Some alternative investment funds of funds have been sponsored by groups embedded in financial institutions, explained Andrew McCune, Chicago-based partner and co-head of the private equity practice at international law firm McDermott Will & Emery LLP.
These funds of funds were able to raise a lot of capital, including chunks invested by the financial institutions. Believing that something like the Volcker Rule would eventually come into effect, many financial institutions have already reorganized, he said.
“In many cases they’ve taken an internal group and spun out as an independent firm,” Mr. McCune said.
These new firms will not have a parent to augment their capital nor, as a new firm, the ability to raise as much capital. This means there is less capital in general to invest in private equity funds, which affects the fundraising ability of all private equity managers, he said.
“We have already seen a significant decline in liquidity in certain markets as banks have stepped back from market making and principal activity,” said Cliffwater’s Mr. Lynch. ”Hedge fund credit strategies and distressed debt-oriented private equity funds have already seen the negative impact.”
The timing couldn’t be worse. Fundraising has been a horror show. Private equity firms, for example, raised $263 billion in 2011, a fraction of the $600 billion raised annually in the pre-crisis boom years. It took the average fund 16.5 months to raise a fund in 2011, compared to less than a year during the boom years, according to Preqin, the London-based alternative investment research firm.
What’s more, private equity posted a negative return, -4.3%, in the third quarter of 2011, after nine quarters in positive territory, according to a report released last week by Cambridge Associates, Boston. The return for the year ended Sept. 30 was 13.8%, Cambridge reported. In addition, private equity funds distributed $18 billion in the third quarter, down 22.4% from the previous quarter, the research firm stated.

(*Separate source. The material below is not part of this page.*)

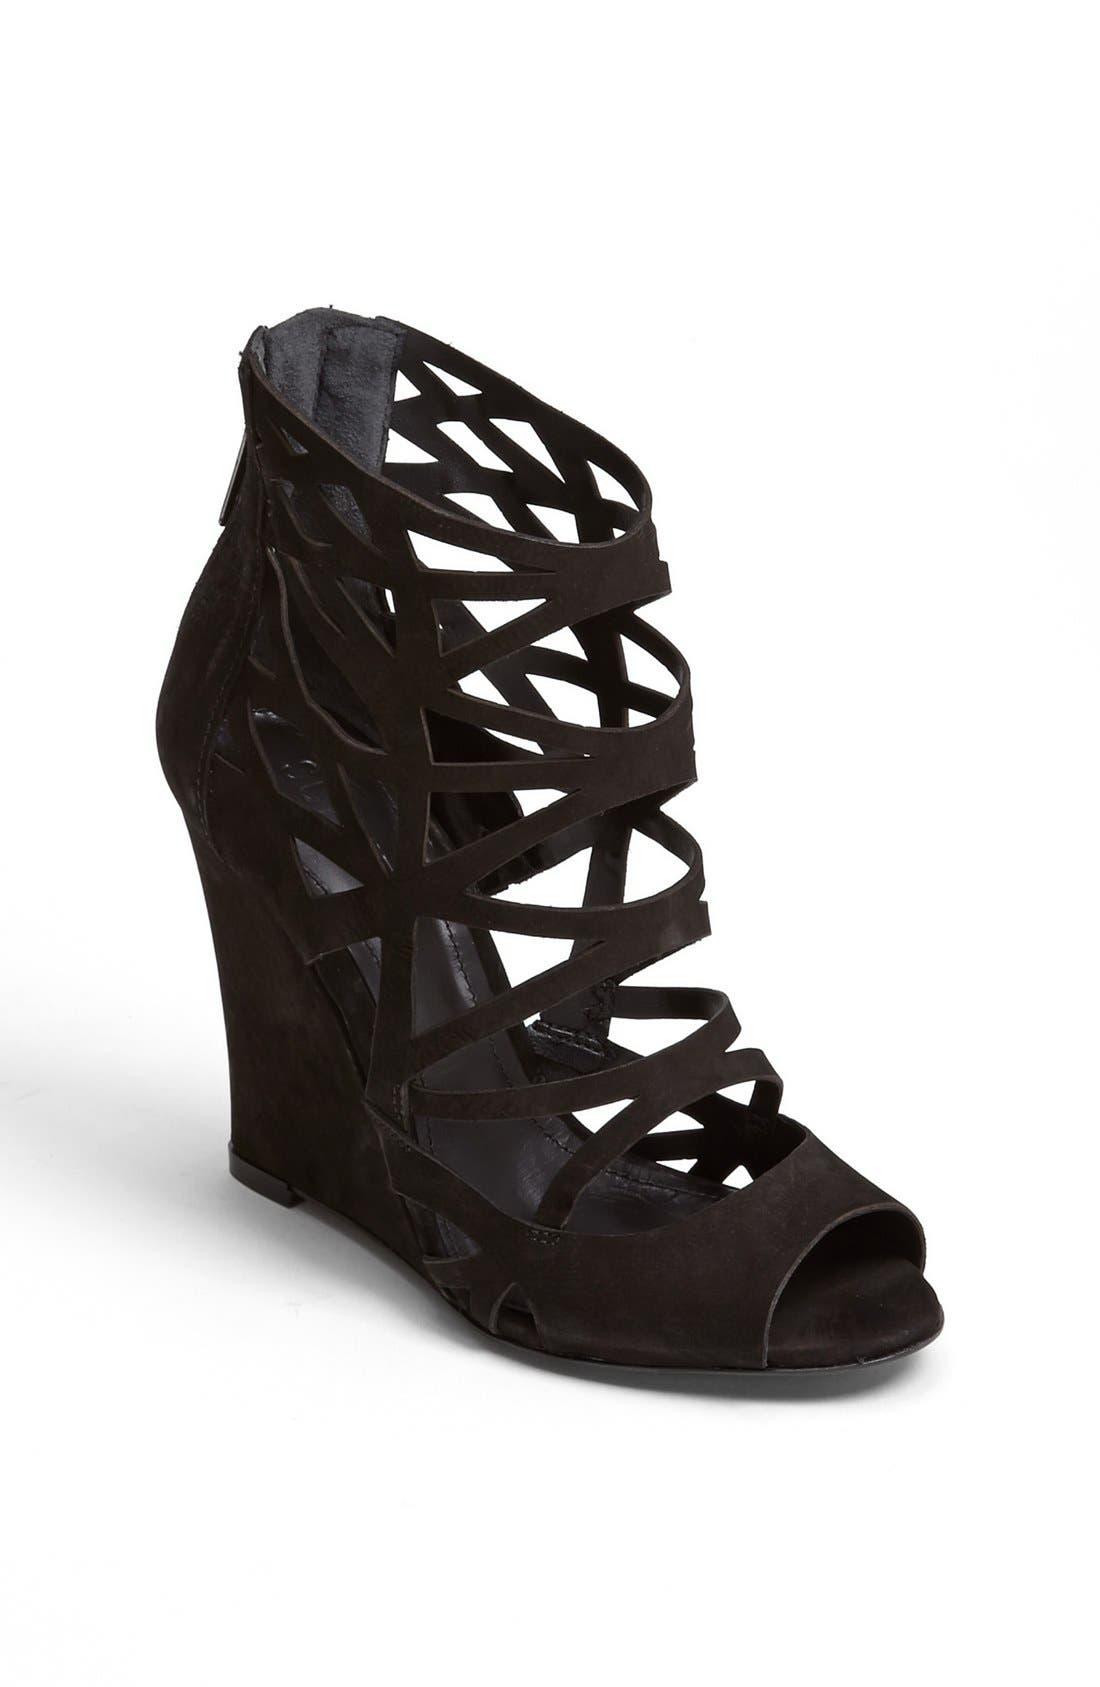 Main Image - Schutz 'Carlee' Caged Sandal
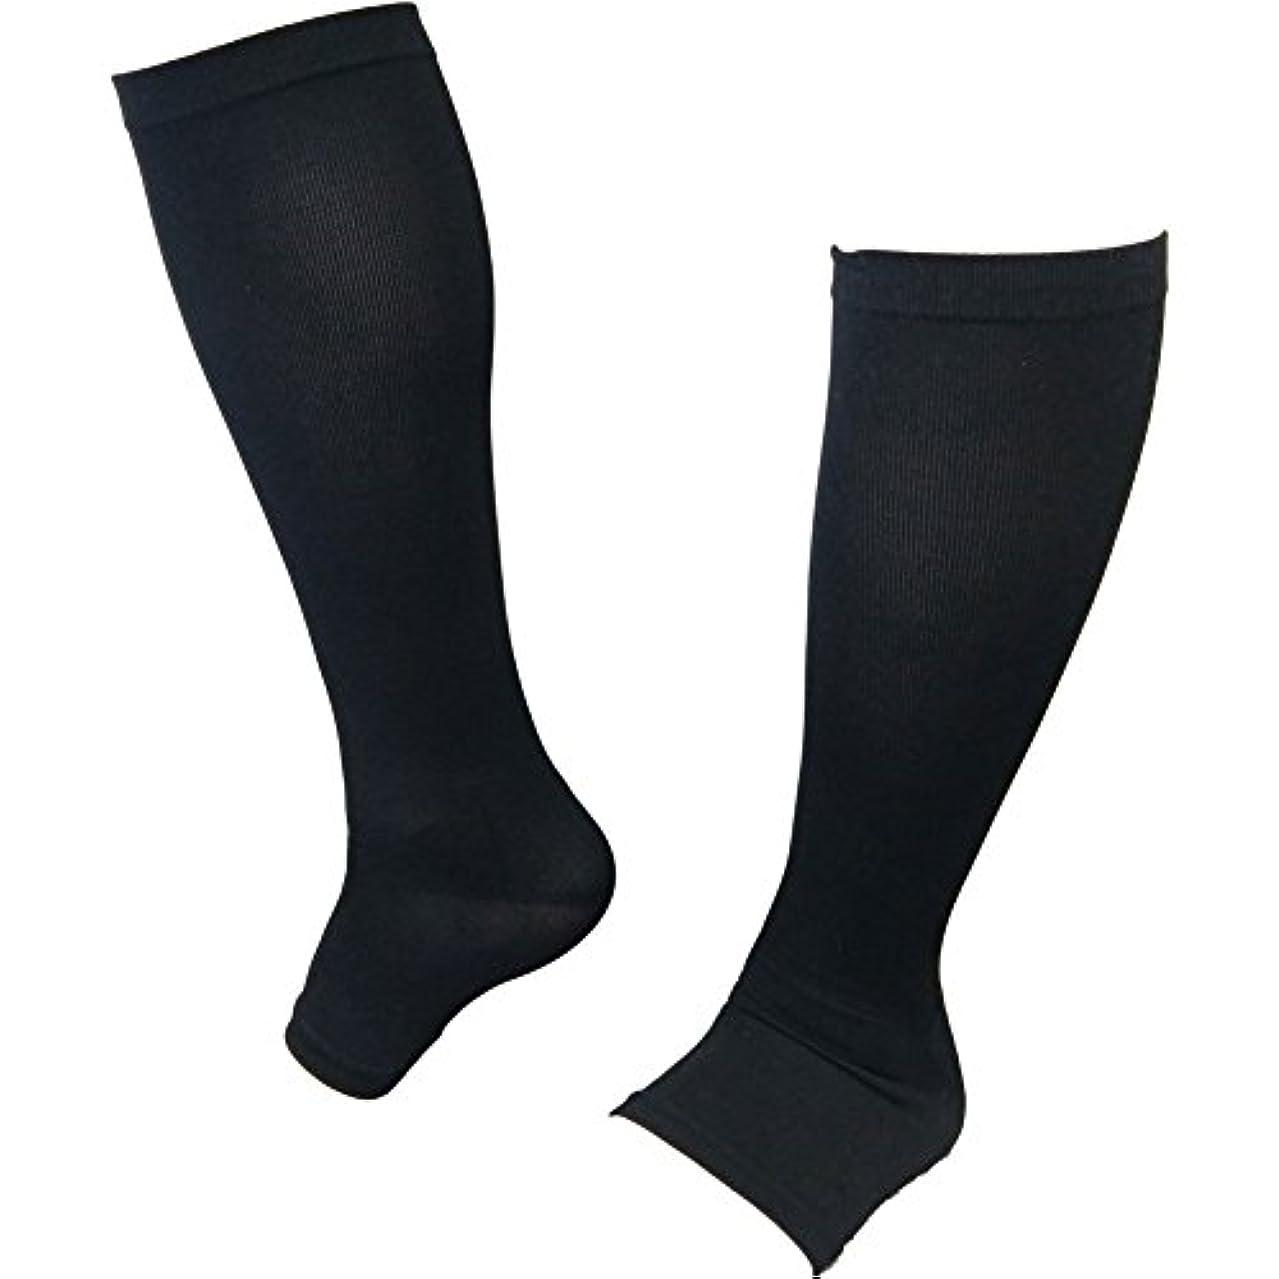 ワイド適合しましたアクセントスパルタックス メンズ着圧ソックス 加圧ソックス 靴下 男性用 着圧 ひざ下 コンプレッション オープントゥ ソックス 強圧サポート むくみ対策 黒 ブラック

Interestingly, the additional rules and regulations that came out of the financial crisis have been a boon for managers that invest on the secondary market, largely because financial institutions have had to jettison investment management businesses and assets in advance of the rules.
“The rules on financial institutions, Basel III, Dodd-Frank, have had a big impact. There are a lot of sellers out there who would not otherwise have sold,” said Stephen Can, managing director and global head at CS Strategic Partners, New York, Credit Suisse’s private equity arm that invests on the secondary market.
Financial institutions “need to reduce their book of illiquid assets to make them more compliant with the new rules,” he added.
Meanwhile, the SEC’s investigation into private equity valuations might prove to be a positive development for investors by requiring managers to provide better transparency and compliance as well as uniform reporting and valuation practices, Cliffwater’s Mr. Lynch said.
In the past, the SEC was more focused on protecting individuals rather than “sophisticated investors” such as pension plans, endowments and foundations, Mr. McCune said. “It would not surprise me if the SEC tried to put more explicit regulations on the presentation of valuation to institutional investors.”
Espen Robak, president of alternative investment valuation firm Pluris Valuation Advisors LLC, New York, said private equity firms could follow in hedge funds’ footsteps. After the SEC started shining its spotlight on hedge funds, many firms began hiring outside valuators to ensure impartiality of the data they were providing investors.